TypeError – if no-longer supported unique_ids parameter used.

Returns:

None.

reset_edges(axis_id_1: Hashable | None = None, axis_id_2: Hashable | None = None, tag: Hashable | None = None, a1_to_a2: bool = True, a2_to_a1: bool = True) None#

Reset hive_plot_edges attribute and corresponding edges.relevant_edges (if edges exists).

Setting all the parameters to None deletes any stored connections between axes previously computed. If any subset of the parameters is not None, the resulting edges will be deleted:

If axis_id_1, axis_id_2, and tag are all specified as not None, the implied single subset of edges will be deleted. (Note, tags are required to be unique within a specified (axis_id_1, axis_id_2) pair.) In this case, the default is to delete all the edges bidirectionally (e.g. going axis_id_1 -> axis_id_2 and axis_id_2 -> axis_id_1) with the specified tag. To only delete edges in one of these directions, see the description of the bool parameters a1_to_a2 and a2_to_a1 below.

If only axis_id_1 and axis_id_2 are provided as not None, then the default is to delete all edge subsets bidirectionally between axis_id_1 to axis_id_2 (e.g. going axis_id_1 -> axis_id_2 and axis_id_2 -> axis_id_1) with the specified tag. To only delete edges in one of these directions, see the description of the bool parameters a1_to_a2 and a2_to_a1 below.

If only axis_id_1 is provided as not None, then all edges going TO and FROM axis_id_1 will be deleted. To only delete edges in one of these directions, see the description of the bool parameters a1_to_a2 and a2_to_a1 below.

Parameters:
  • axis_id_1 – specifies edges all coming FROM the axis identified by this unique ID.

  • axis_id_2 – specifies edges all coming TO the axis identified by this unique ID.

  • tag – tag corresponding to explicit subset of added edges.

  • a1_to_a2 – whether to remove the connections going FROM axis_id_1 TO axis_id_2. Note, if axis_id_1 is specified by axis_id_2 is None, then this dictates whether to remove all edges going from axis_id_1.
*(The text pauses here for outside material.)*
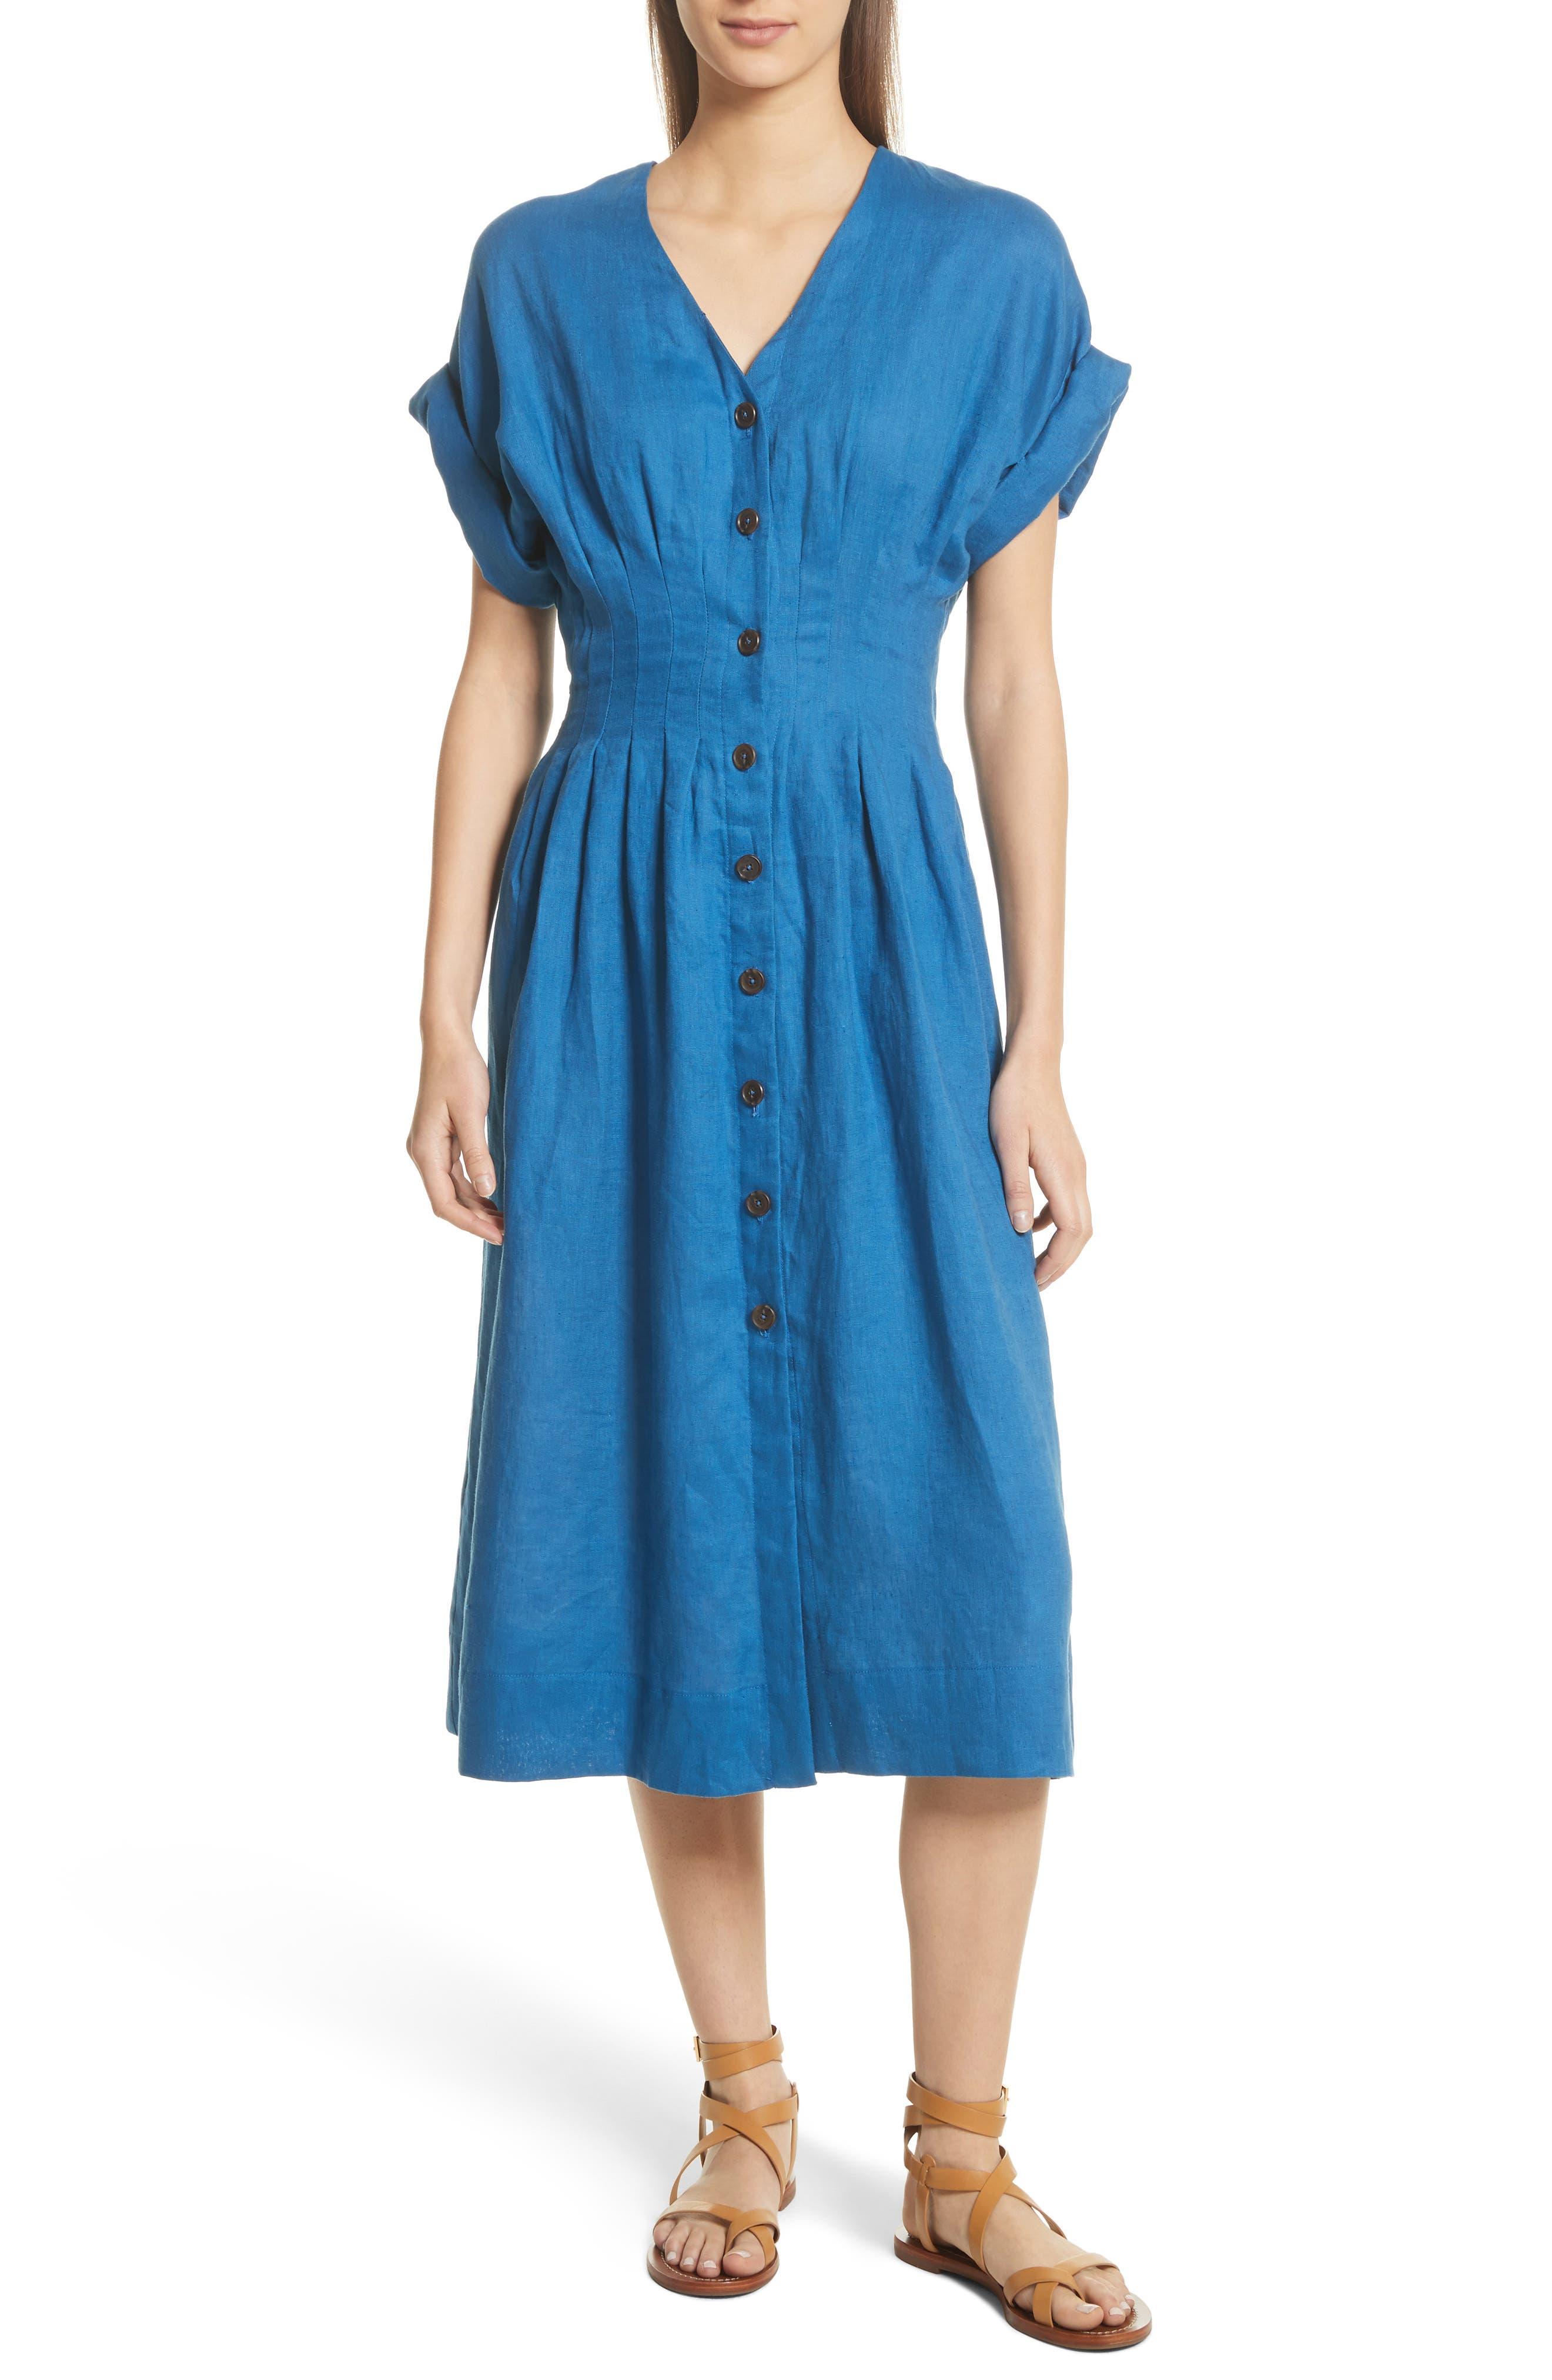 Coraline Pleated Button Front Linen Dress,                             Main thumbnail 1, color,                             400

  • a2_to_a1 – whether to remove the connections going FROM axis_id_2 TO axis_id_1. Note, if axis_id_1 is specified by axis_id_2 is None, then this dictates whether to remove all edges going to axis_id_1.

Returns:

None.

to_json() str#

Return the information from the axes, nodes, and edges in Cartesian space as a serialized JSON string.

This allows users to visualize hive plots with arbitrary libraries, even outside of python.

The dictionary structure of the resulting JSON will consist of two top-level keys:

“axes” - contains the information for plotting each axis (including angle and long_name), plus the nodes on each axis in Cartesian space.

“edges” - contains the information for plotting the discretized edges in Cartesian space, plus the corresponding to and from IDs that go with each edge, as well as any kwargs that were set for plotting each set of edges.

Returns:

JSON output of axis, node, and edge information.